When we run it with our usual test program as input, we get:

counts are { '*': 2, '+': 1 }

Generators are a clean solution to many hard problems, but we find it more difficult to check variable identifiers using generators than using the class-based Visitor approach because we want to accumulate violations to report later. Again, this could be a reflection of what we're used to rather than anything intrinsic; as with coding style, the most important thing is to be consistent.

What other kinds of analysis can we do?

As one final example, consider the problem of keeping track of which methods are defined where in a deeply-nested class hierarchy. (This problem comes up in some of the later chapters in this book: we wrote so many classes that incrementally extended their predecessors for pedagogical purposes that we lost track of what was defined where.) To create a table of method definitions, we first need to find the ancestors of the last class in the hierarchy:

import assert from 'assert'
import acorn from 'acorn'
import fs from 'fs'
import path from 'path'
import walk from 'acorn-walk'

class FindAncestors {
  find (dirname, filename, className) {
    return this.traceAncestry(dirname, filename, className, [])
  }

  traceAncestry (dirname, filename, className, accum) {
    const fullPath = path.join(dirname, filename)
    const program = fs.readFileSync(fullPath, 'utf-8')
    const options = { locations: true, sourceType: 'module' }
    const ast = acorn.parse(program, options)
    const classDef = this.findClassDef(filename, ast, className)
    accum.push({ filename, className, classDef })
    const ancestorName = this.getAncestor(classDef)
    if (ancestorName === null) {
      return accum
    }
    const ancestorFile = this.findImport(filename, ast, ancestorName)
    return this.traceAncestry(dirname, ancestorFile, ancestorName, accum)
  }

}

export default FindAncestors

Finding class definitions is a straightforward extension of what we have already done:


  findClassDef (filename, ast, className) {
    const state = []
    walk.simple(ast, {
      ClassDeclaration: (node, state) => {
        if ((node.id.type === 'Identifier') &&
            (node.id.name === className)) {
          state.push(node)
        }
      }
    }, null, state)
    assert(state.length === 1,
      `No definition for ${className} in ${filename}`)
    return state[0]
  }

To test this code, we start with the last of these three short files:

class Upper {
  constructor () {
    this.name = 'upper'
  }

  report () {
    console.log(this.modify(this.name))
  }

  modify (text) {
    return text.toUpperCase()
  }
}

module.exports = Upper
import Upper from './upper.js'

class Middle extends Upper {
  constructor () {
    super()
    this.range = 'middle'
  }

  modify (text) {
    return `** ${super.modify(text)} **`
  }
}

export default Middle
import Middle from './middle.js'

class Lower extends Middle {
  report () {
    console.log(this.additional())
  }

  additional () {
    return 'lower'
  }
}

export default Lower
Lower in lower.js
Middle in ./middle.js
Upper in ./upper.js

Good: we can recover the chain of inheritance.
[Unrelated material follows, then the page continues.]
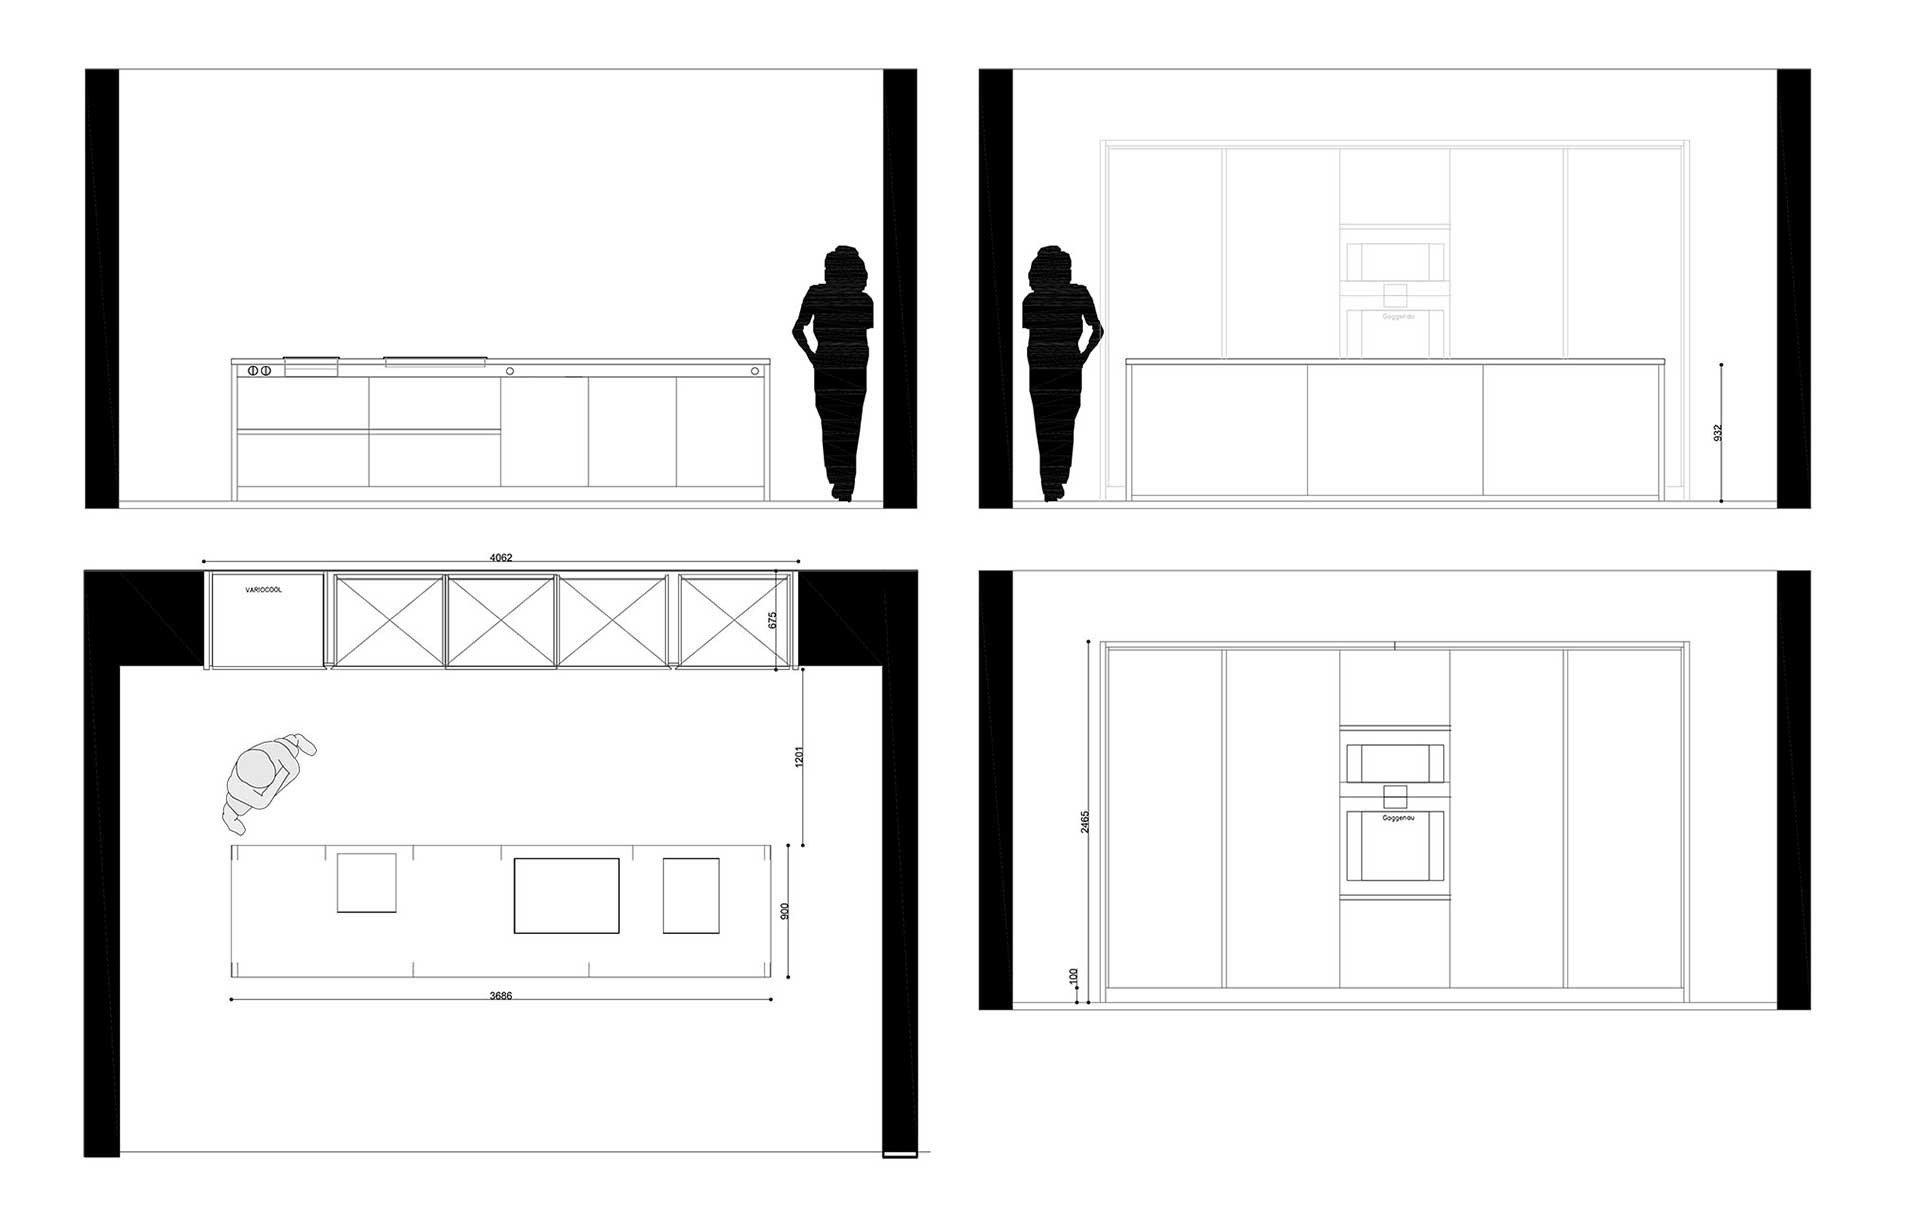 Toonzaalkeuken-BeverenWaas-BOX3-Fineer-CarbonBlack-grondplan.jpg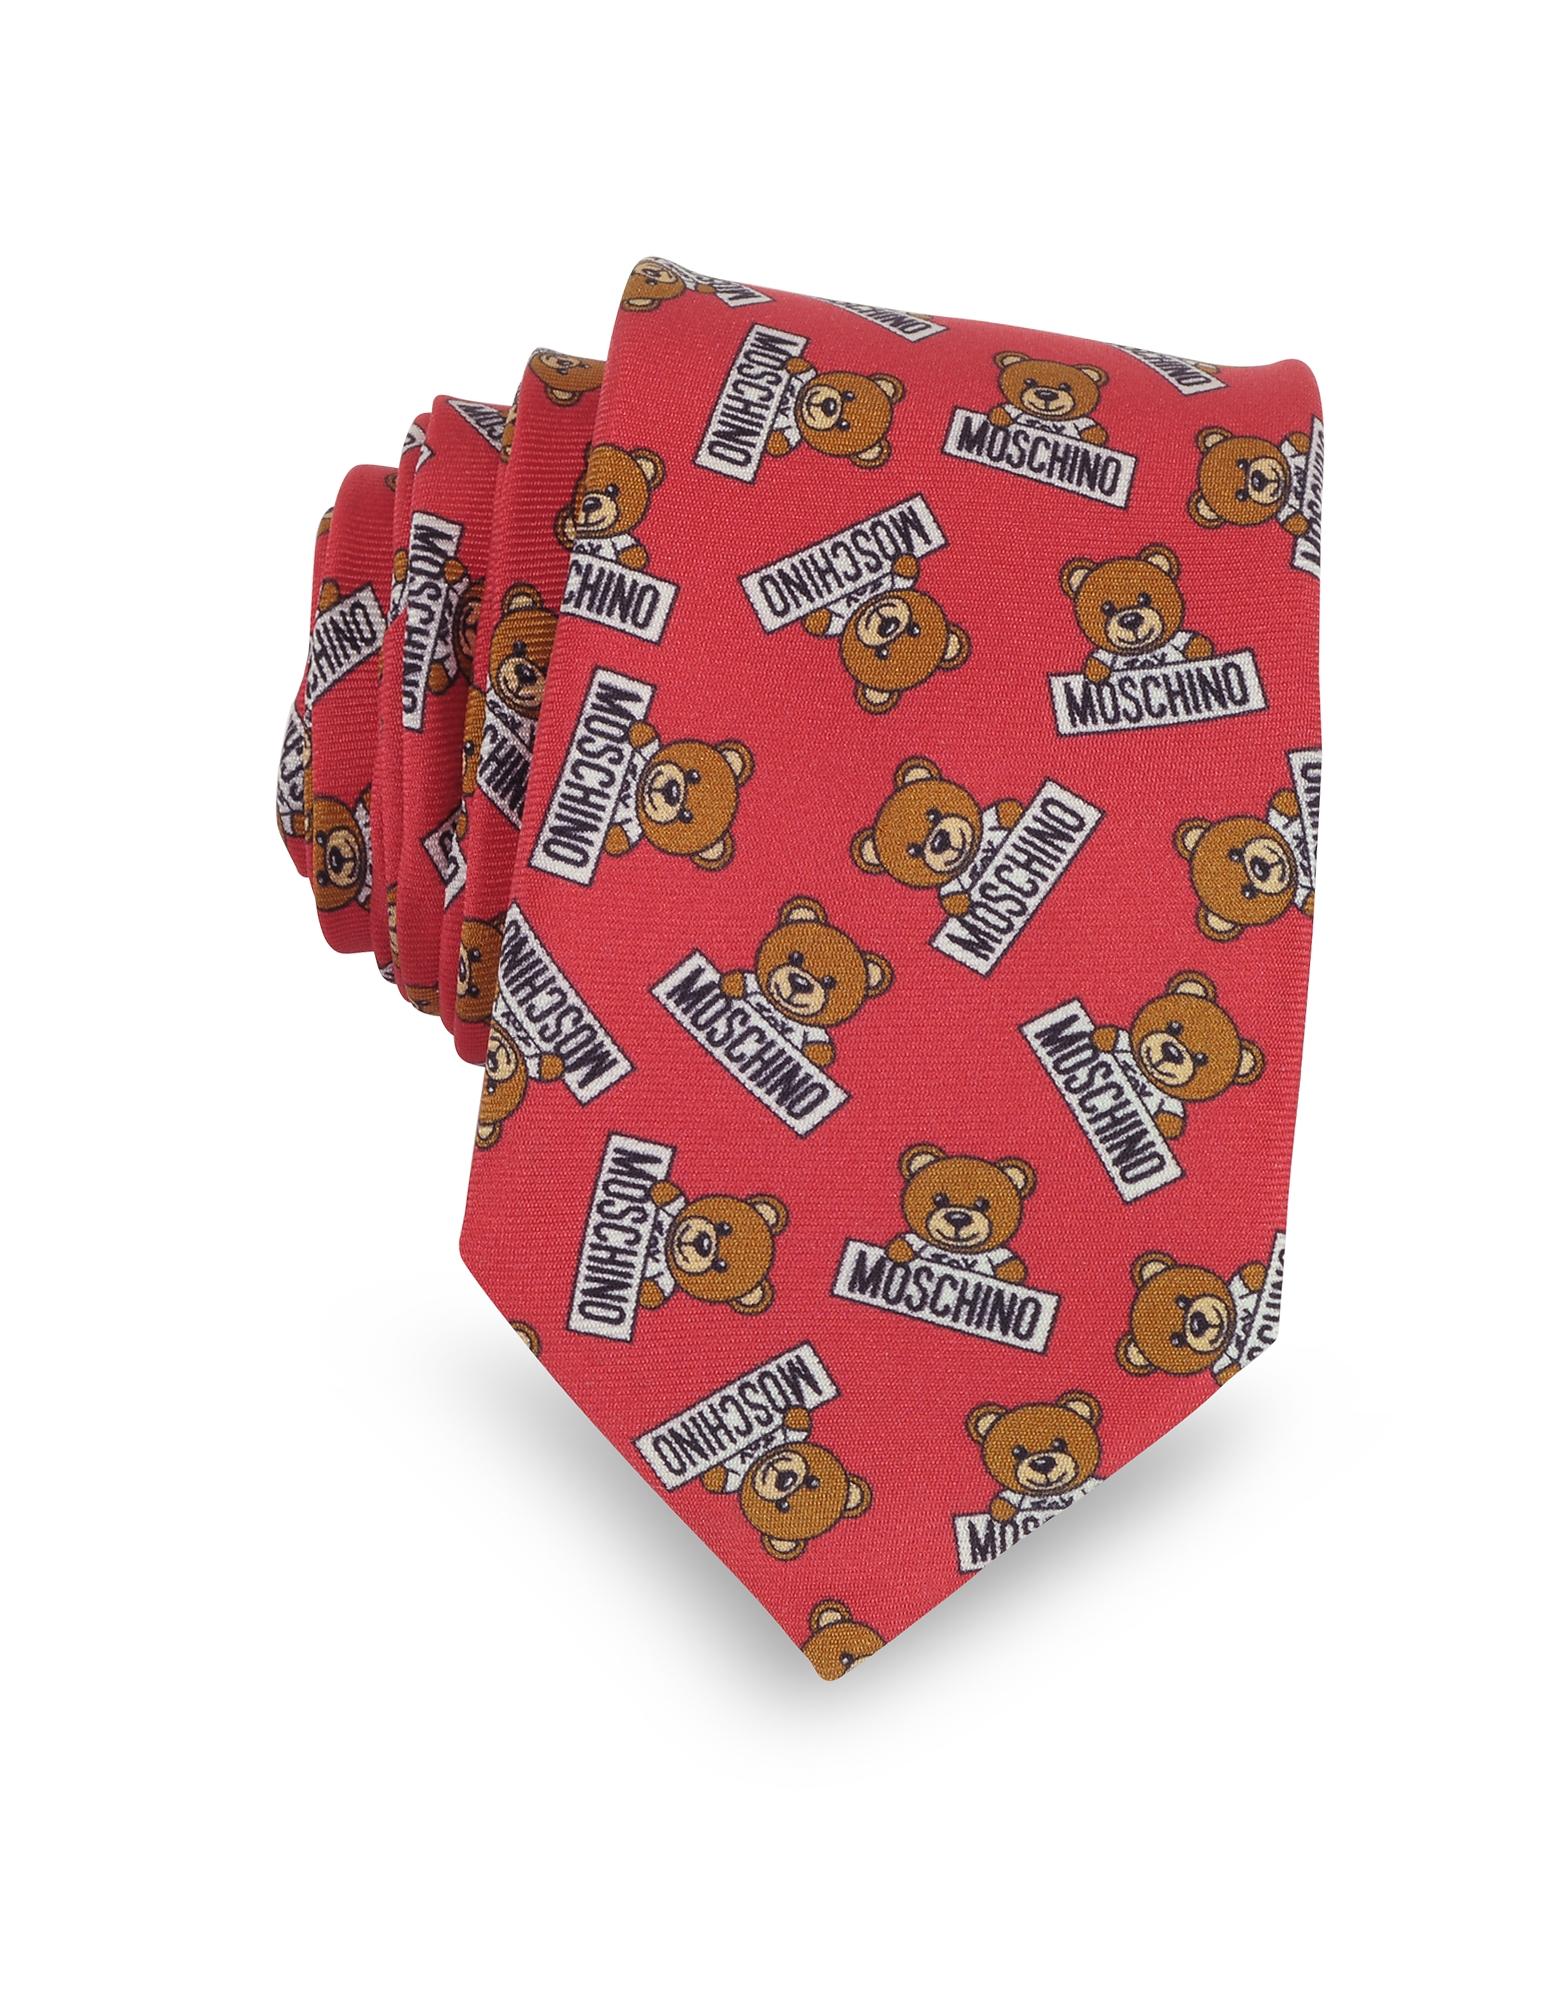 Moschino Ties, Teddy Bear All Over Printed Silk Narrow Tie

Finding method definitions is also straightforward:

import FindAncestors from './find-ancestors.js'

class FindMethods extends FindAncestors {
  find (dirname, filename, className) {
    const classes = super.find(dirname, filename, className)
    classes.forEach(record => {
      record.methods = this.findMethods(record.classDef)
    })
    return classes
  }

  findMethods (classDef) {
    return classDef.body.body
      .filter(item => item.type === 'MethodDefinition')
      .map(item => {
        if (item.kind === 'constructor') {
          return 'constructor'
        } else if (item.kind === 'method') {
          return item.key.name
        } else {
          return null
        }
      })
      .filter(item => item !== null)
  }
}

export default FindMethods

And finally, we can print a Markdown-formatted table showing which methods are defined in which class:

| method | Upper | Middle | Lower |
| ---- | ---- | ---- | ---- |
| additional | . | . | X |
| constructor | X | X | . |
| modify | X | X | . |
| report | X | . | X |

This may seem rather pointless for our toy example, but it proves its worth when we are looking at something like the virtual machine we will build in , which has a method definition table like this:

| method | DebuggerBase | DebuggerInteractive | DebuggerTest | DebuggerExit |
| ---- | ---- | ---- | ---- | ---- |
| clear | . | X | . | . |
| constructor | X | X | X | . |
| exit | . | X | . | X |
| getCommand | . | X | . | . |
| handle | . | X | . | . |
| help | . | X | . | . |
| input | . | X | X | . |
| interact | . | X | . | . |
| list | . | X | . | . |
| message | X | . | X | . |
| next | . | X | . | . |
| print | . | X | . | . |
| run | . | X | . | . |
| setTester | . | . | X | . |
| setVM | X | . | . | . |
| stop | . | X | . | . |
| variables | . | X | . | . |

Exercises

Function length

Derive a class from Walker that reports the length in lines of each function defined in the code being checked.

Expression depth

Derive a class from Walker that reports how deep each top-level expression in the source code is. For example, the depth of 1 + 2 * 3 is 2, while the depth of max(1 + 2 + 3) is 3 (one level for the function call, one for the first addition, and one for the nested addition).

Downward and upward

Modify Walker so that users can specify one action to take at a node on the way down the tree and a separate action to take on the way up. (Hint: require users to specify Nodename_downward and/or Nodename_upward methods in their class, then use string concatenation to construct method names while traversing the tree.)

Aggregating across files

Create a command-line program called sniff.js that checks for style violations in any number of source files. The first command-line argument to sniff.js must be a JavaScript source file that exports a class derived from Walker called Check that implements the checks the user wants. The other command-line arguments must be the names of JavaScript source files to be checked:

node sniff.js my-check.js source-1.js source-2.js

Finding assertions

Write a program find-assertions.js that finds all calls to assert or assert.something and prints the assertion message (if any).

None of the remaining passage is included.